Omit all pictures, then retype exactly the lines from the one that contains "Close up of" through the end of the listing.

DATA EXTRACT:

Start of Block

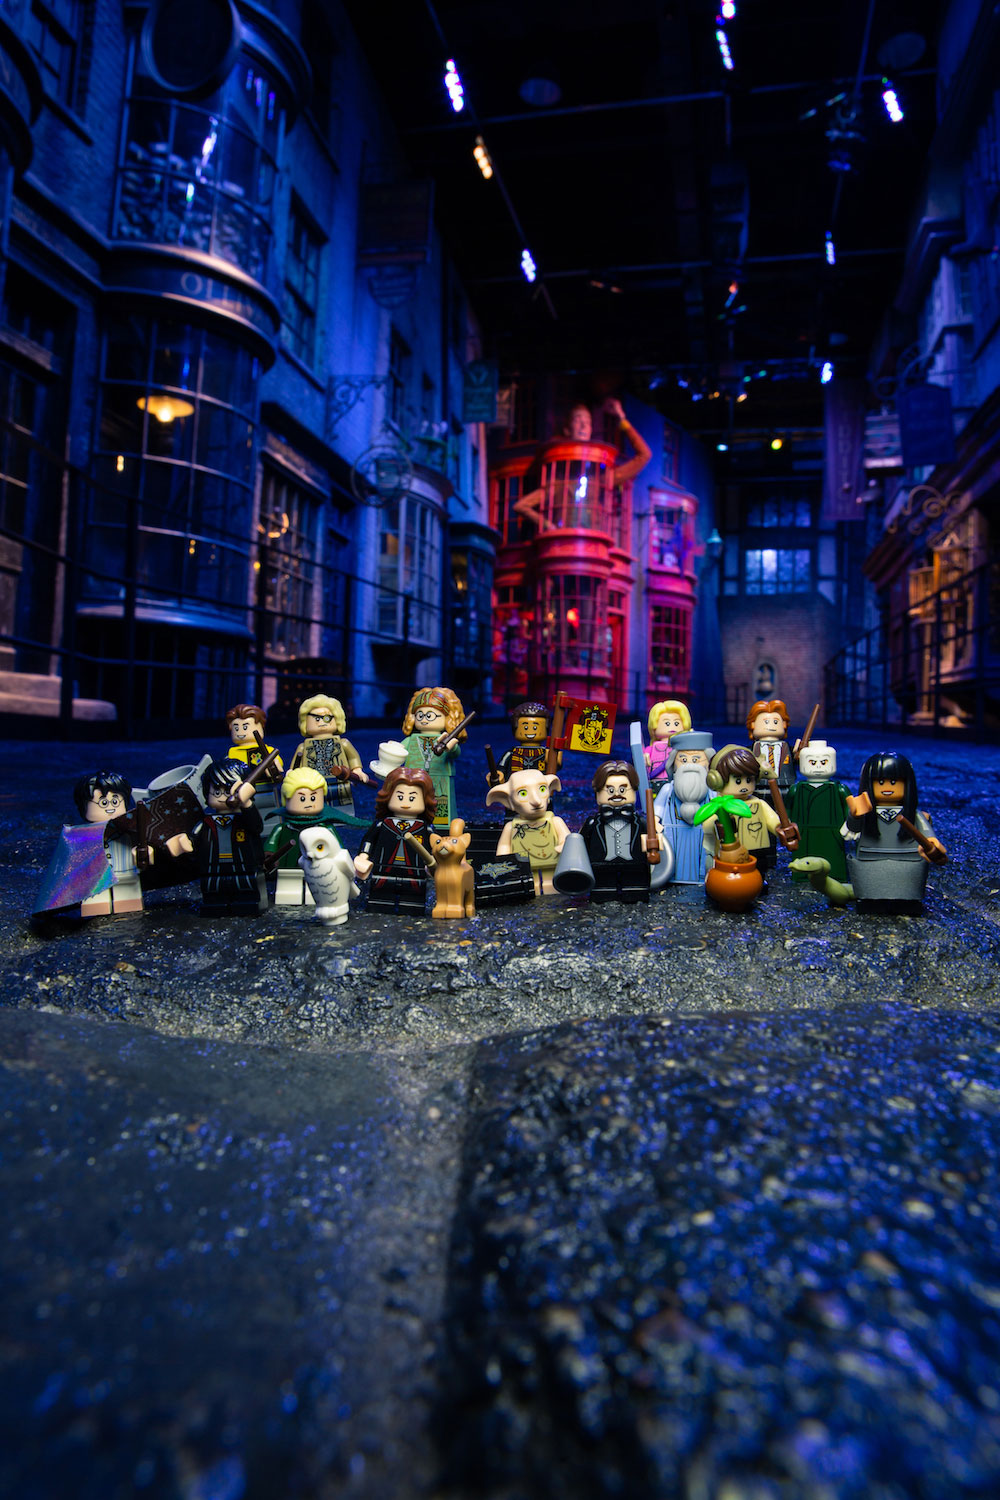 All of the figures included in the “Harry Potter” group of LEGO minifigures pose in front of Diagon Alley at the Studio Tour.
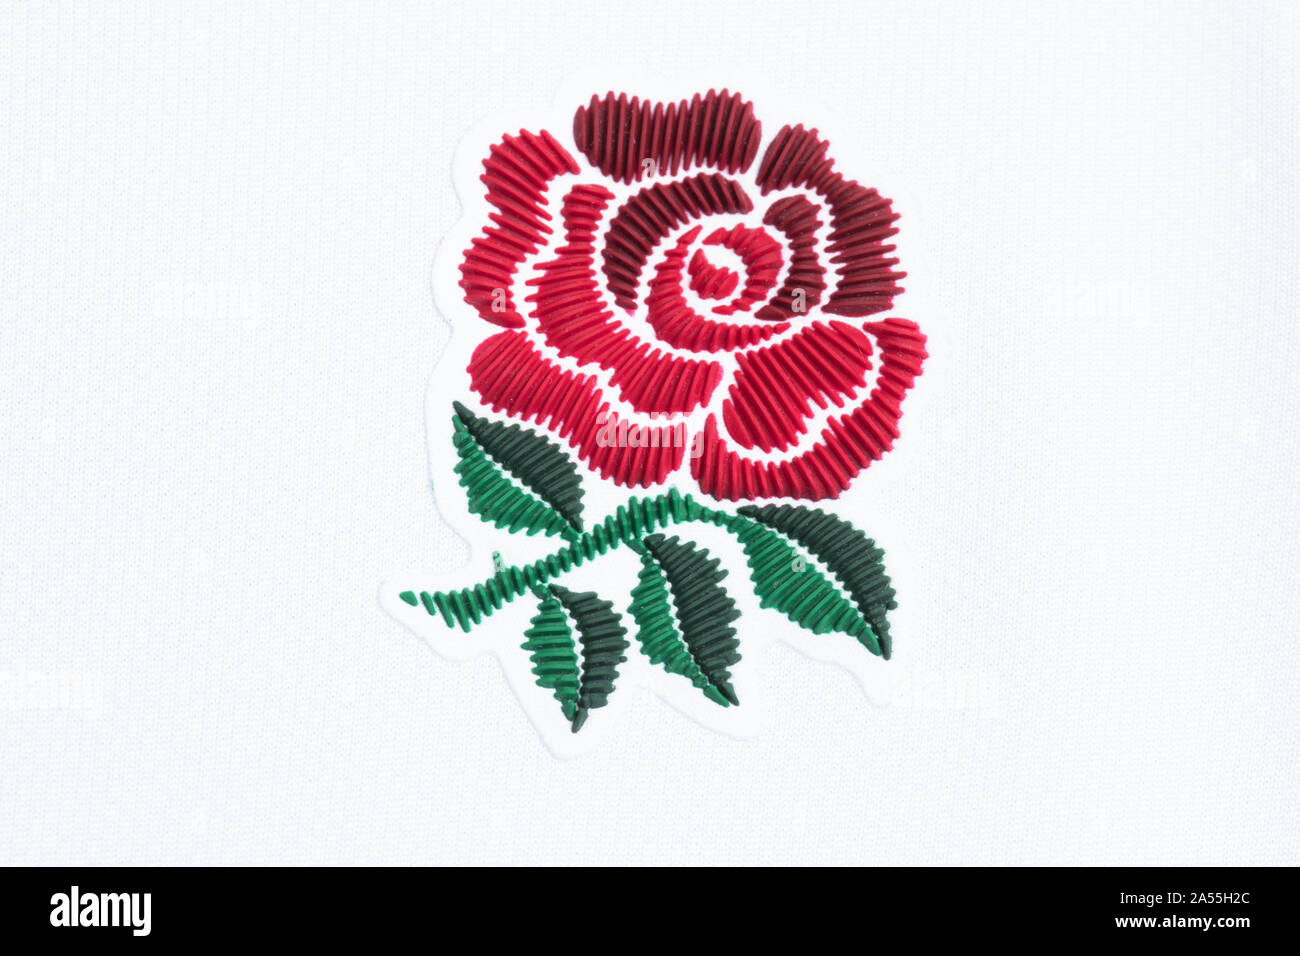 Close up of England Rugby World Cup 2019 Maillot Canterbury. Banque D'Images
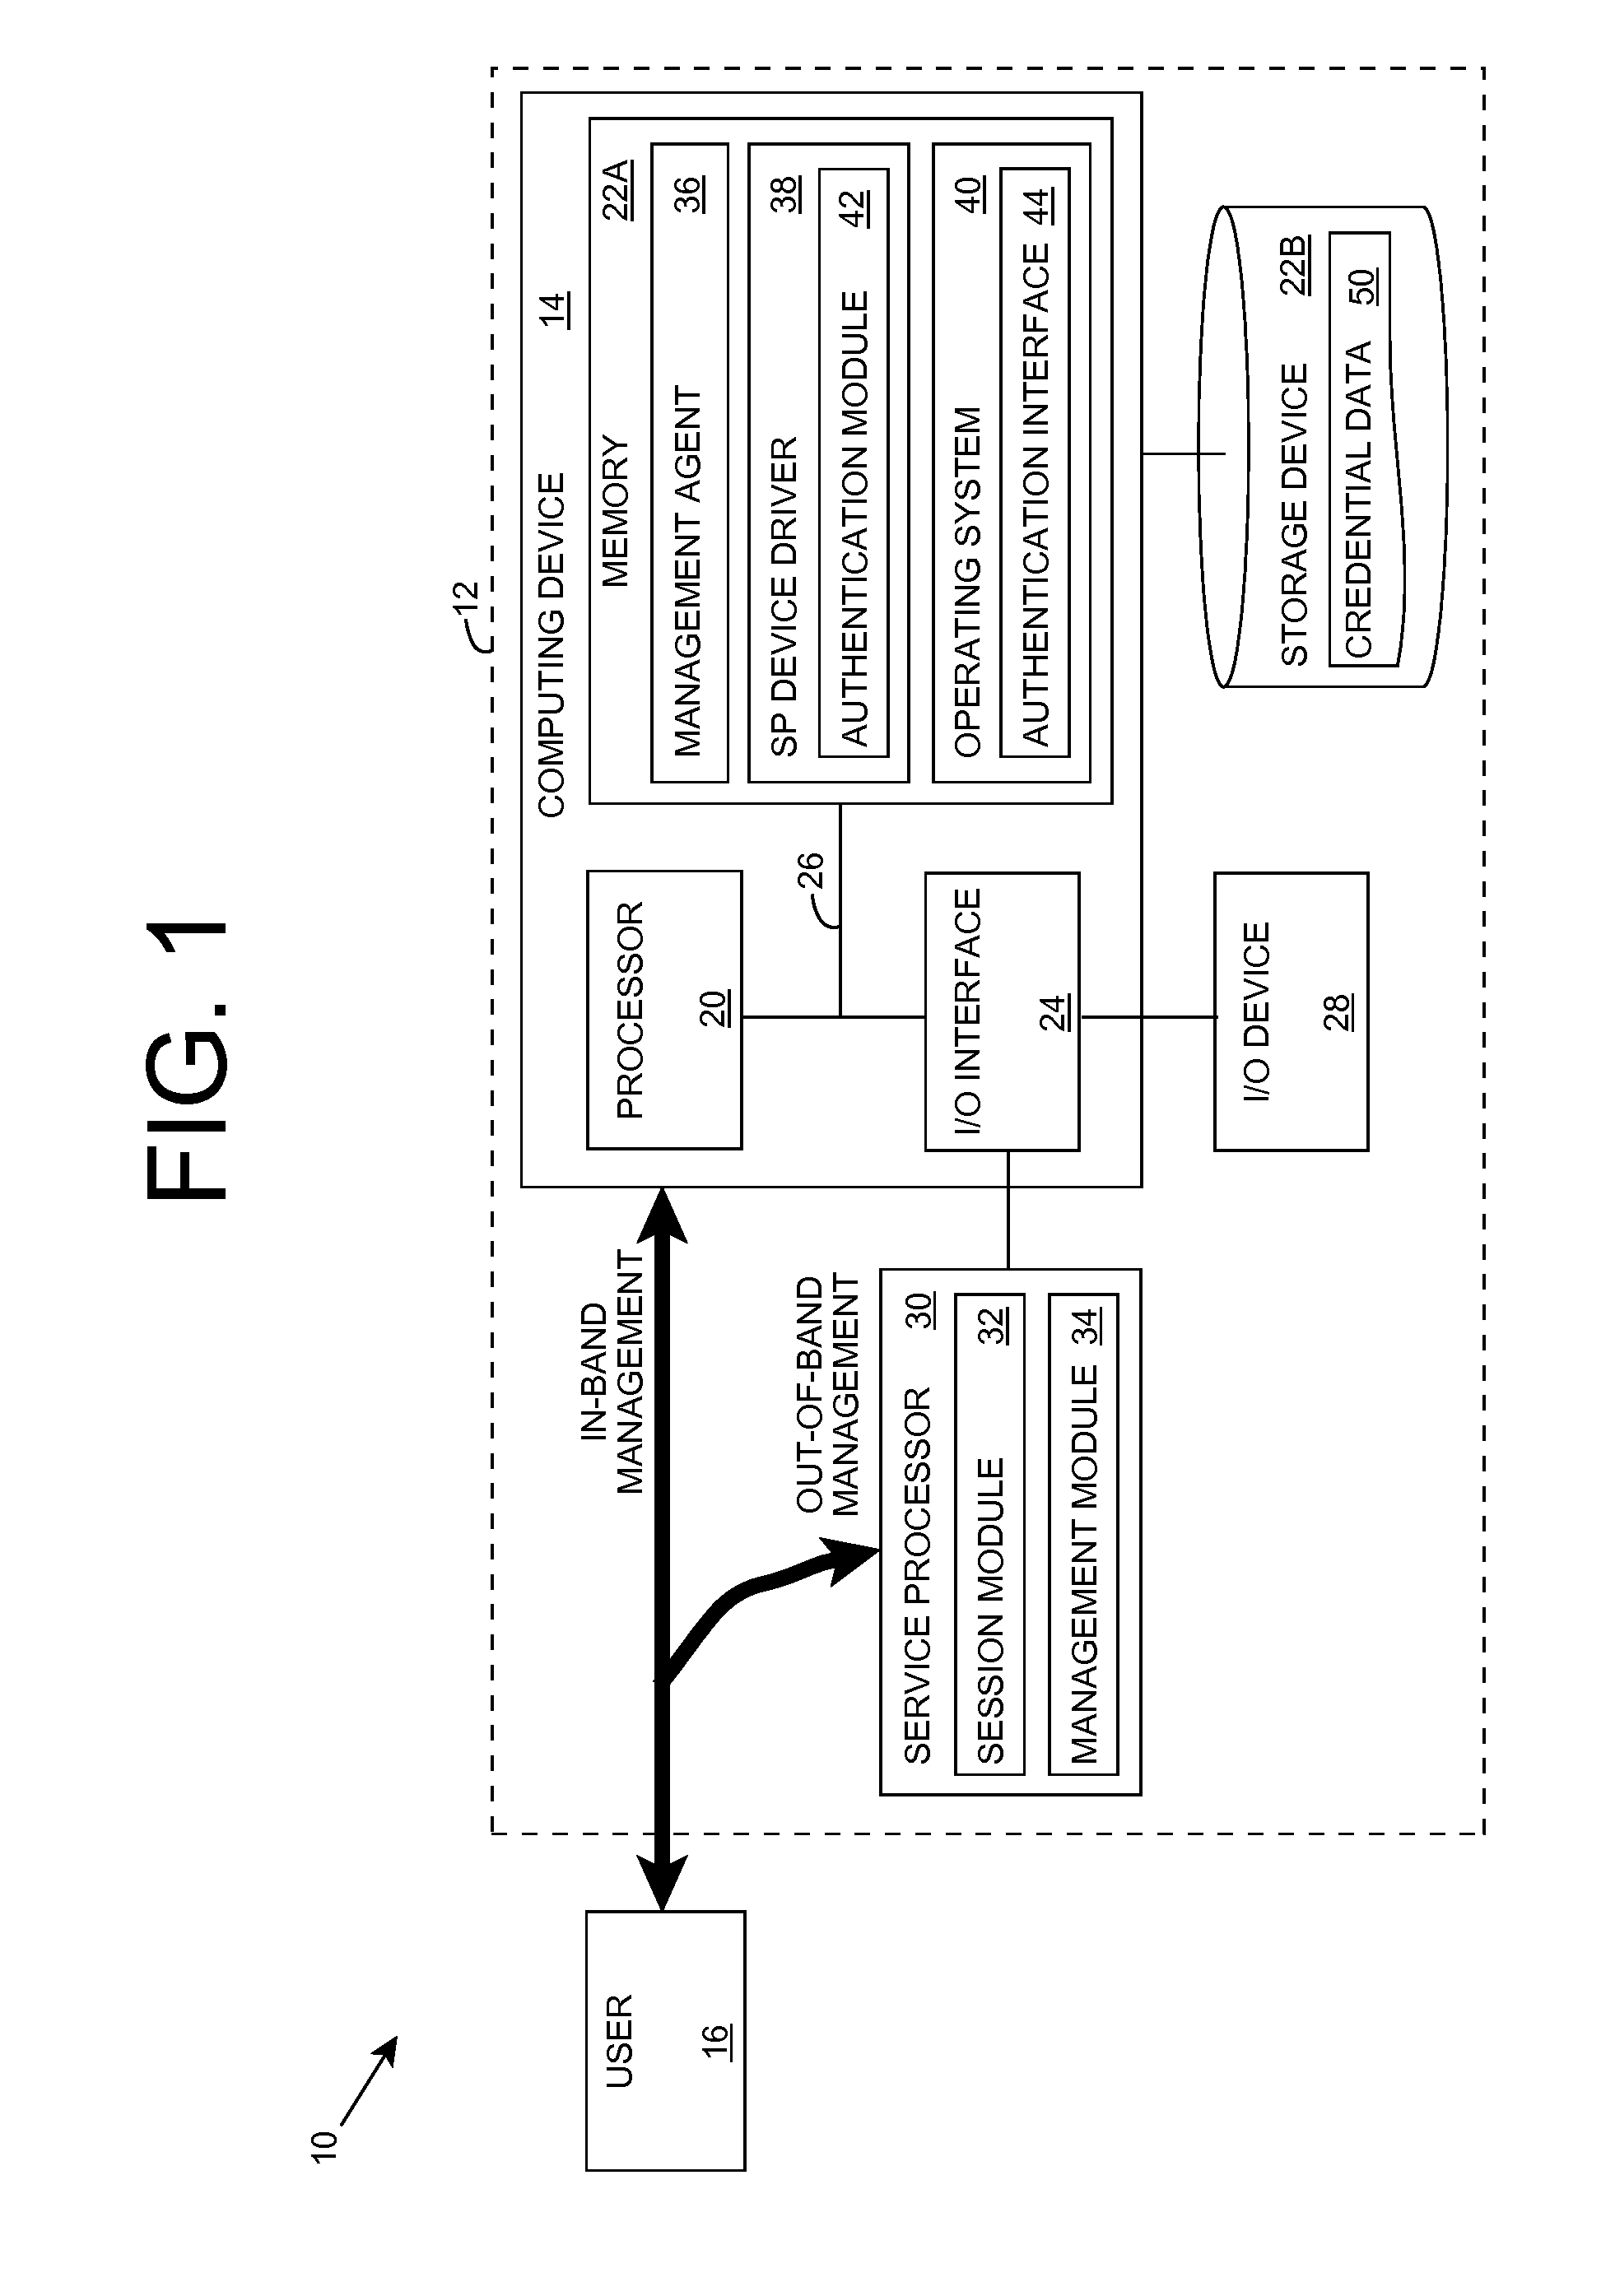 Authentication for computer system management

End of Block

OUTPUT FOR THIS TASK:
 Close up of England Rugby World Cup 2019 Maillot Canterbury. Banque D'Images
 Authentication for computer system management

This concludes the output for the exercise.